Томас-цыган хитро подмигнул.

— И так они все живут, — продолжал он, — каждый по-своему. Те, на одном конце планки, живут хорошо, как всегда; а те, кто на другом конце, должны кое-как перебиваться: Но теперь обрати внимание, что эта деревяшка находится во власти небесных стихий: она гниёт под солнцем и под дождём и от перемены времён года; известно, как это бывает. Сообразно порядку вещей и своему предназначению, в конце концов эта планка сгниёт. Сгниёт до основания. Ни одной свежей стружки не останется. И тогда планка переломится посередине, и вся высокопоставленная знать полетит в колодец; и рабочий, и крестьянин, и ленсман, и купец, и пастор, и фогт, и писарь, и амтман, и епископ, и советник, и король, и его корона, и всё на свете; и больше ничего. Хм. Можешь ли ты объяснить мне сие размышление?

Лицо Томаса приобрело свои подлинные цыганские черты, оно сделалось хитрым и беспардонным, глаза горели и блуждали.

— Нет, мне это не понятно, — проговорил Томас и склонил голову. — Ни разу пастор Мейер не ответил мне ничего по поводу этих аспектов. Он только умолял меня, чтобы я не размышлял слишком много над столь трудными обстоятельствами: «Гораздо более великие люди, чем мы с тобой, от этого потеряли рассудок!» — сказал пастор Мейер.

— Пожалуй, так, — ответил учитель.

— Хе-хе-хе, — засмеялся Каролус, — папа, да ты молодец!

Томас-цыган напыжился, и его маленькая голова гордо покачивалась на тонкой шее: сегодня он приструнил ещё одного умника!

XIX

Весна выдалась доброй, особенно поздняя; люди, встречаясь, улыбались друг другу и вели себя по-дружески; если б такая погода держалась и дальше, стоило ожидать небывалого урожая.

Но перед Ивановым днём стало хуже. Дожди совсем прекратились, наступила жара; и словно уныние повисло над лугами и полями.

Люди ждали небесного знамения; каждый вечер вглядывались они в морскую даль, нет ли где тучки, и каждое утро искали облачко над горной цепью. Но облака уплывали, и волны скрывались в тумане; а солнце палило и жгло, как горячая печь.

Надежды людские таяли и таяли; люди, испуганные, безмолвствовали. Всё вокруг было словно в дымке, под завесой, в плотном горячем тумане; ни вдохнуть, ни выдохнуть, всё живое залегло в спячку, зевая, едва не умирая от жажды.

Луга и поля краснели и белели. Болота превращались в лужайки, а озёра и озерки — в лужи. Ручьи и маленькие речки пересохли. Рыба задыхалась в песке. Она могла бы раствориться в нём, если б почва не была болотистой.

Энок упражнялся в долготерпении с Божьей помощью. Он знал, что это было тяжкое испытание и понимал, что нам не следует испытывать себя сверх наших сил. Господь позаботится о завтрашнем дне. Не столь важно, что творится здесь, на земле, для того, у кого…

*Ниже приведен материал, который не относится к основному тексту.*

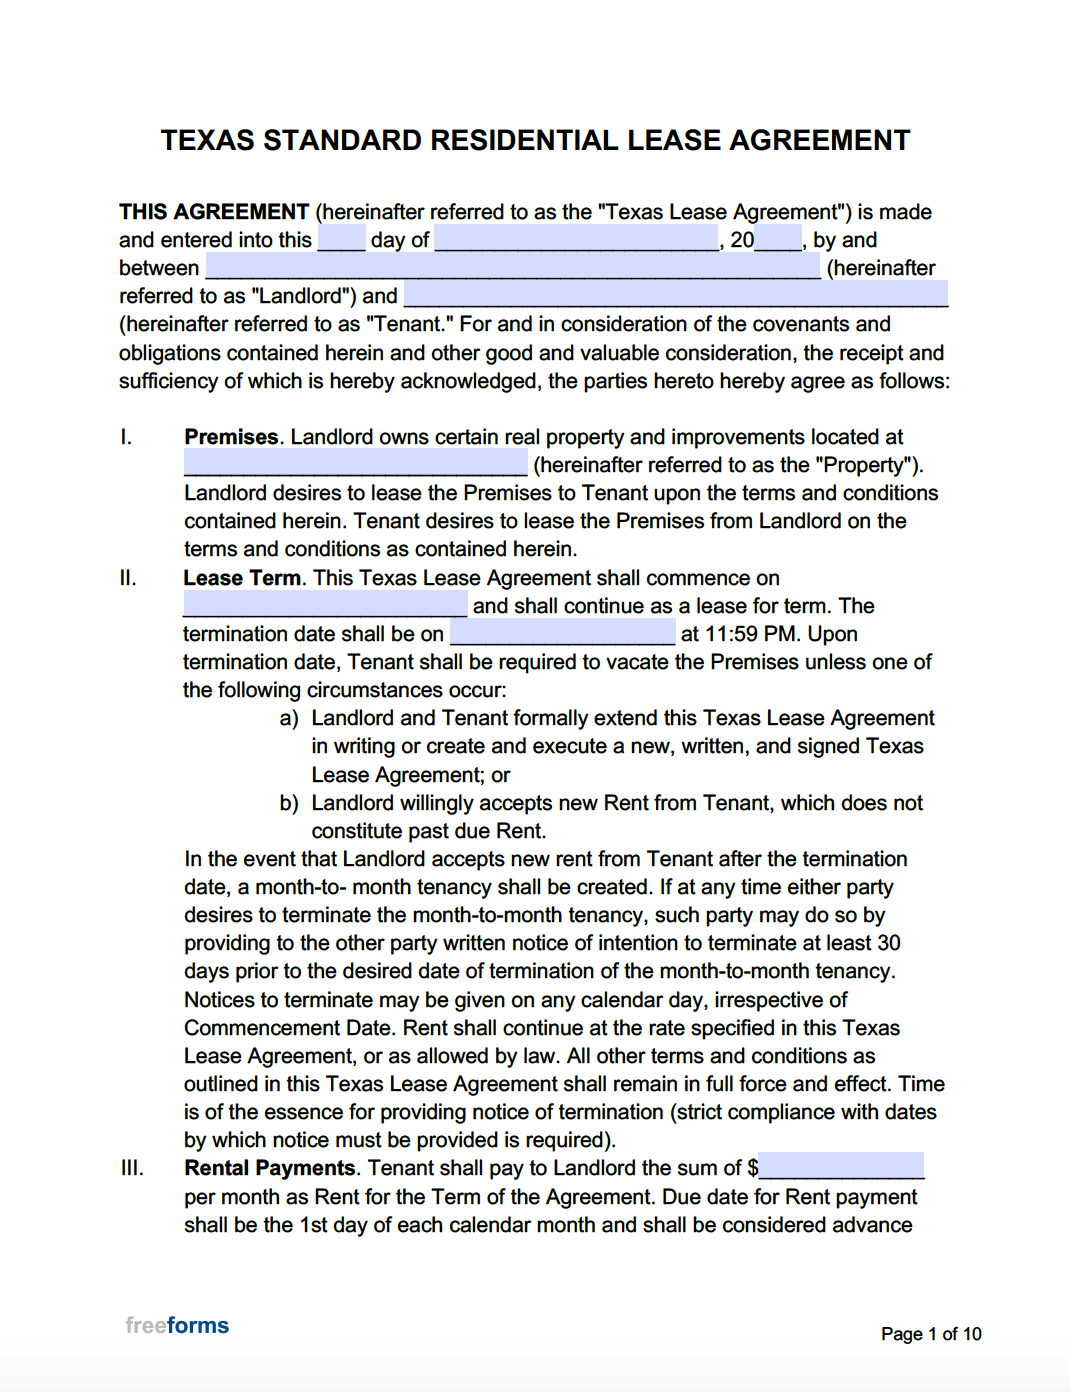 Free Texas Standard Residential Lease Agreement Template | PDF | WORD

И Энок надеялся выстоять, хотя дьявол часто терзал его.

Многие слышали, как Энок по дороге к церкви выложил всё, что думал, про это испытание, кое Господь ниспослал нам за грехи наши. Мы должны уверовать, но не бояться; Тот, который кормит воронят и наряжает полевую лилию так, что она становится краше царя Соломона, — разве Он не позаботится о нас? Теперь те, кто прежде насмехался над ним, горько вздыхали и желали быть такими же счастливыми и уверенными в себе, как Энок Хове.

Да, так всегда с детьми мира суетного. Когда всё хорошо, они бахвалятся и насмехаются; но если что-то не так — тотчас падают духом, ноют и причитают. Но чадо Божье в океане жизни стояло твёрдо, как скала, и в хорошую, и в дурную погоду; нужно лишь твёрдо сохранять надежду. Не отпускать спасительной руки: «О, держи меня крепко, Господи! Ибо сам я бессилен».

Энок вновь почувствовал тягу к молитвам и к Писанию, и теперь он осознавал, что он жив. И как правило, Бог вразумлял его во всяких делах; Энок сам осуждал себя угрызениями совести либо каким-нибудь наказанием. Борьба с дьяволом разгорелась ещё яростней, чем прежде; уступи ему хоть на миг — и не знаешь, где потом окажешься, быть может, в плену самых низких суетных мыслей. Энок порой вопрошал себя, мог ли Святой Дух пребывать в сердце, столь отягощённом грехами и заботами о земном. Но Дух утешал его, так что даже в тяжкие минуты Энок ясно осознавал себя чадом Божьим.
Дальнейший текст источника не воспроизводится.